Smirnov first hit pay dirt with German sneaker-maker Adidas. The United Team's package includes cash, sweatsuits, and equipment. Adidas promotions manager Antje Koenig says it is money well spent, because the Unified Team's expected high medal count should make Adidas products highly visible.
The Adidas link, though, means other sporting-goods companies are staying away for now. Nike Inc. has a shoe-endorsement deal with Bubka, but it won't consider working with the entire Unified Team until the Olympics are over and the Adidas contract expires.
PRECIOUS PINS. Smirnov also is finding dealmaking difficult in the U.S. He says he got a thumbs-down from longtime International Olympic Committee supporter Coca-Cola Co. Atlanta-based Coke says only that it already supports the Unified team as part of its overall sponsorship agreement with the IOC.
But Turner Broadcasting System Inc. came up with $500,000, ostensibly for rights to the 1994 Goodwill Games between U.S. and former Soviet athletes. Says Goodwill Games head Jack Kelly: "It's in our interest for the Unified Team to remain competitive and field the best possible team in Barcelona."
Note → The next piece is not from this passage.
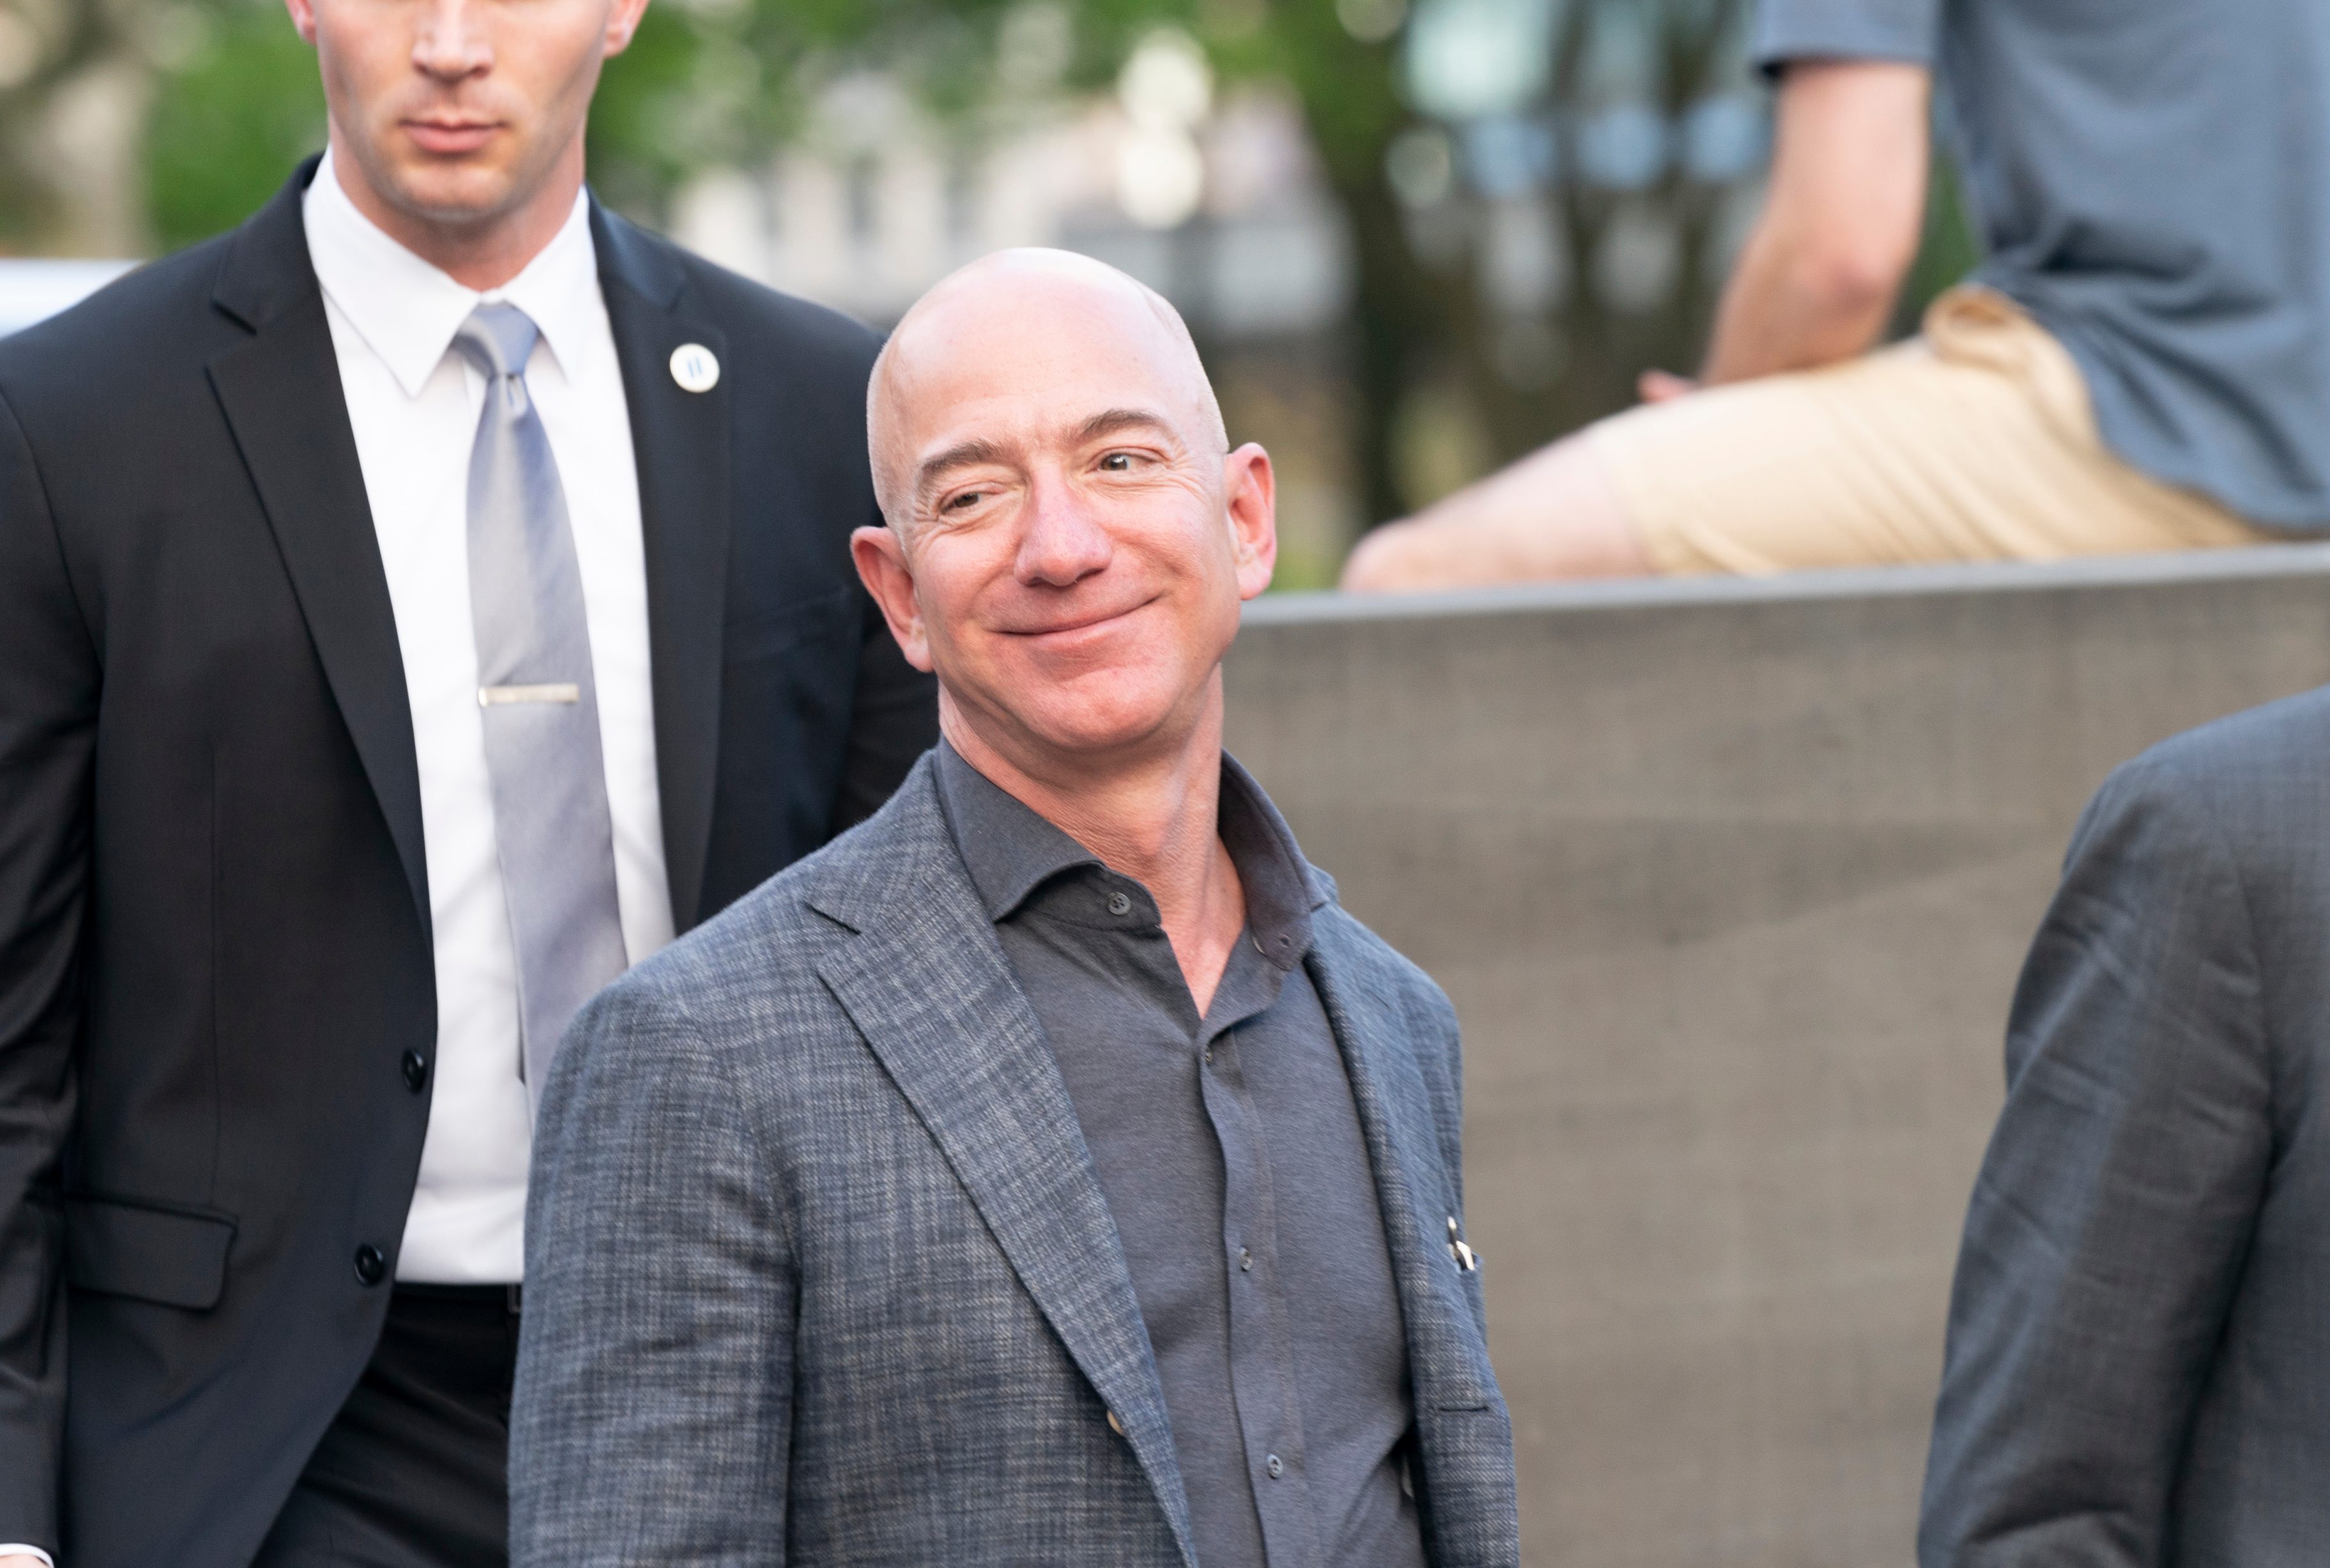 Who is Jeff Bezos

Smirnov's journeys also have introduced him to American litigiousness. Because the Unified Team will probably disband after Barcelona, its apparel may become collectors' items. So in June, Atlanta-based Collegiate Licensing Inc. began negotiating for the American rights to sell Unified Team gear, including pins and trading cards. The deal could total from $200,000 to $300,000.
But now, two other American companies claim the exclusive rights to market Unified Team trading cards in the U.S. Smirnov insists no such rights have been sold, but Collegiate Licensing Chairman William Battle is worried: "This could blow the whole deal."
Smirnov says he is about halfway to securing the money the Unified Team needs. But he's already thinking beyond Barcelona. "We're trying to survive this year and then work on the future," he says. "We want to show American companies that we can be good for business." Well said, Comrade Smirnov.